If goods are never shipped and do not commence the transit at all it is difficult, as Engelhart demonstrates, to argue that they have been lost. There are, however, similarities: the goods that had been contracted to be sold to the consignee had been paid for by the original buyer to the supplier, were not loaded onto the carrying vessel, and the containers, which were delivered at the port of destination, had no value to the consignee.

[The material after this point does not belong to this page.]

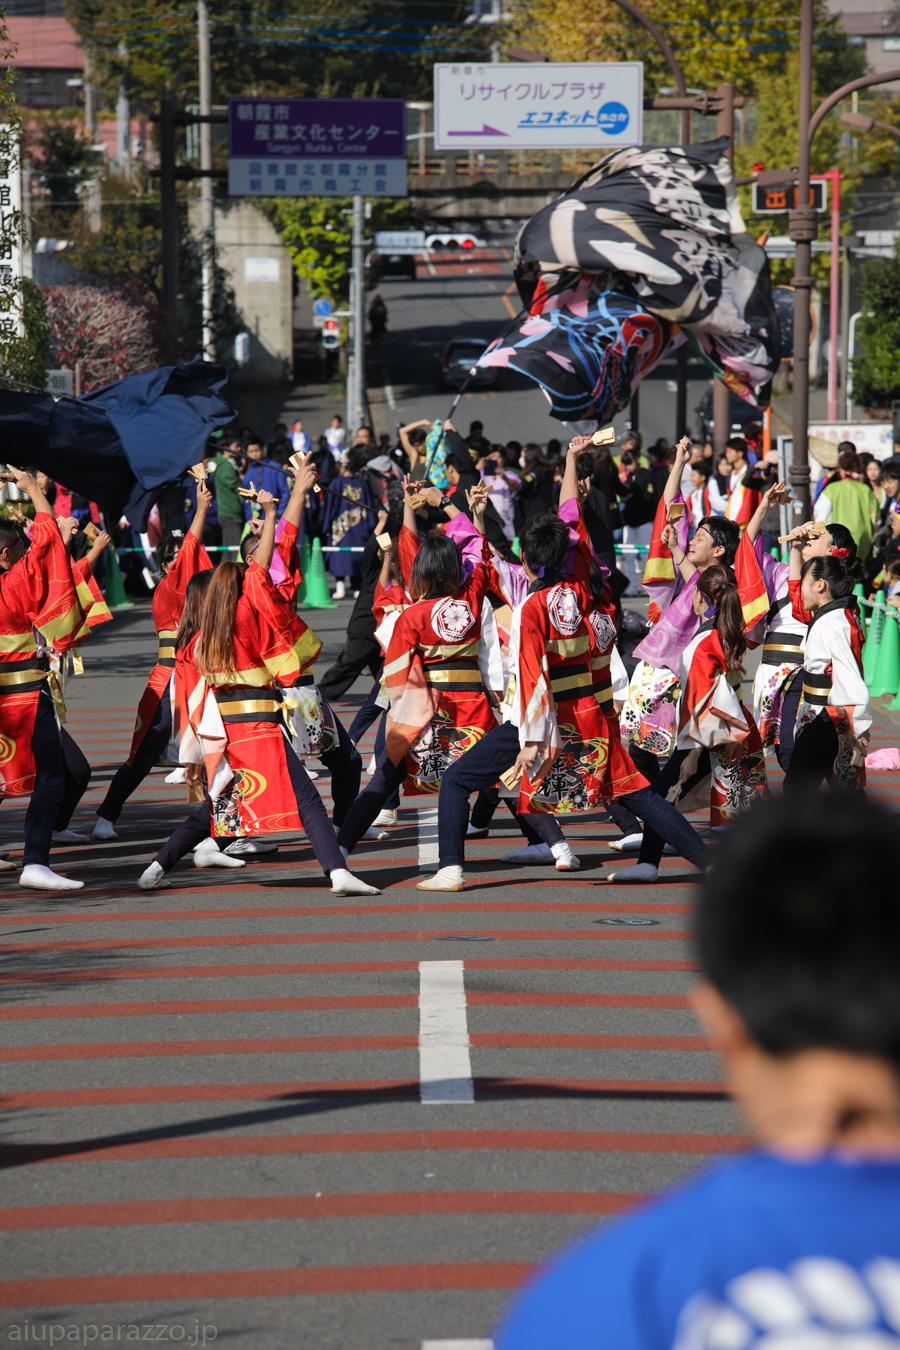 kabuki2016ran_oyachai-23.jpg
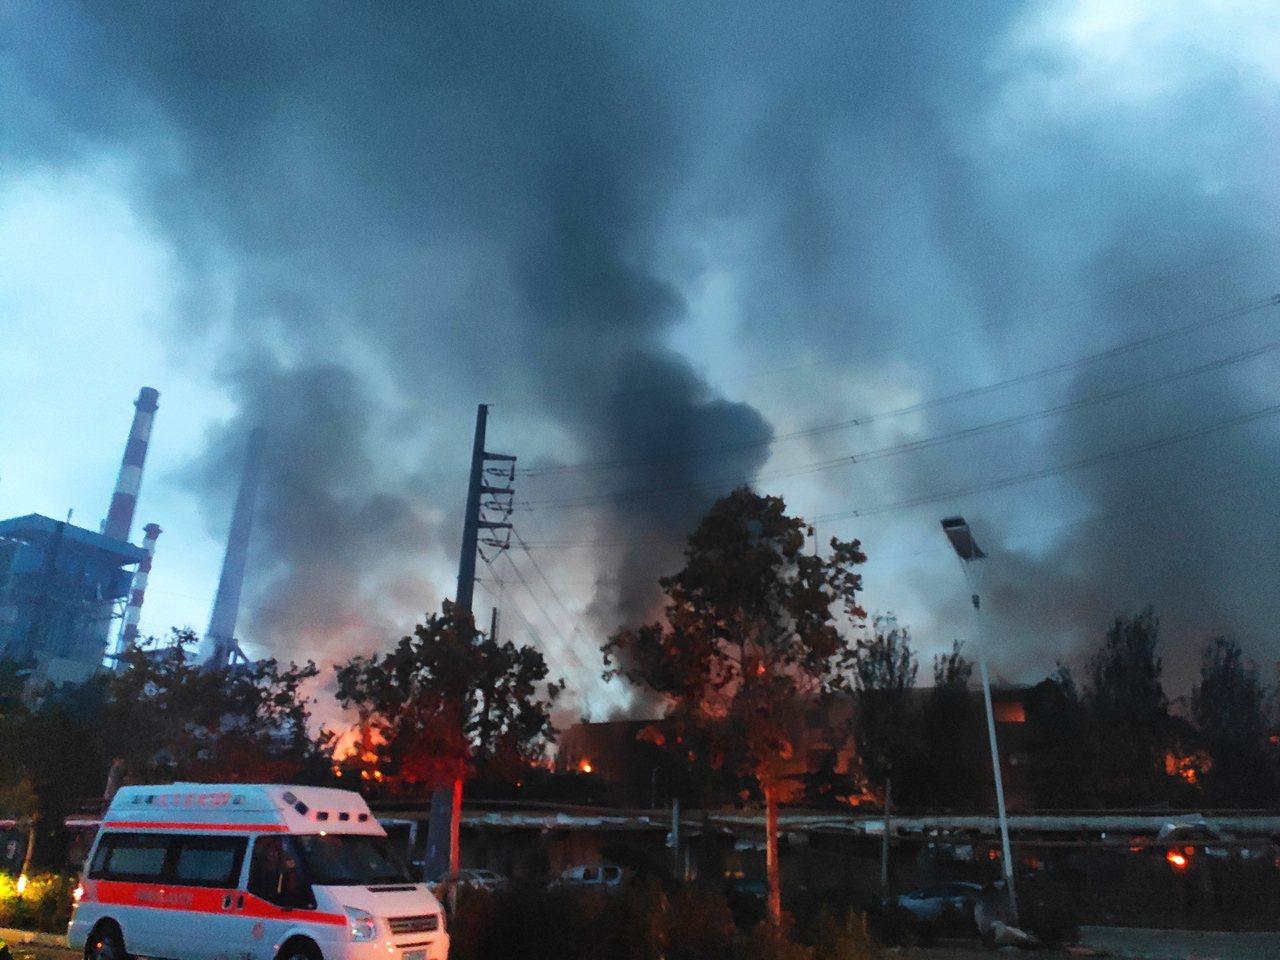 604/河南義馬氣化廠爆炸事故:已致致10人死亡,19重傷,5人失聯 新華社

Engelhart is also a reminder of the dangers of fraudulent documents in international trade and the need for paperless trade

Whether traders want to insure themselves against such circumstances as those which took place in the Engelhart case (or expect to be insured against such risks) and whether insurers want to take on such risks are matters for them to decide. It would in any event be appropriate for insureds, their brokers who advise them and insurers to look at their policy wordings to ascertain whether they would be covered, given the prevalence of cybercrime and the ease with which it appears to be possible to insinuate fraudulent documents into transactions relating to the international trading and carriage of goods. 
 
In conclusion, the growing appreciation of the need for heightened security and thus for processes such as Blockchain to be availed of are becoming ever more significant. Going hand in hand with the requirement for such processes to be embraced is the need for an international liability regime that permits paperless trade, such as the Rotterdam Rules, to be brought into international usage as a matter of urgency.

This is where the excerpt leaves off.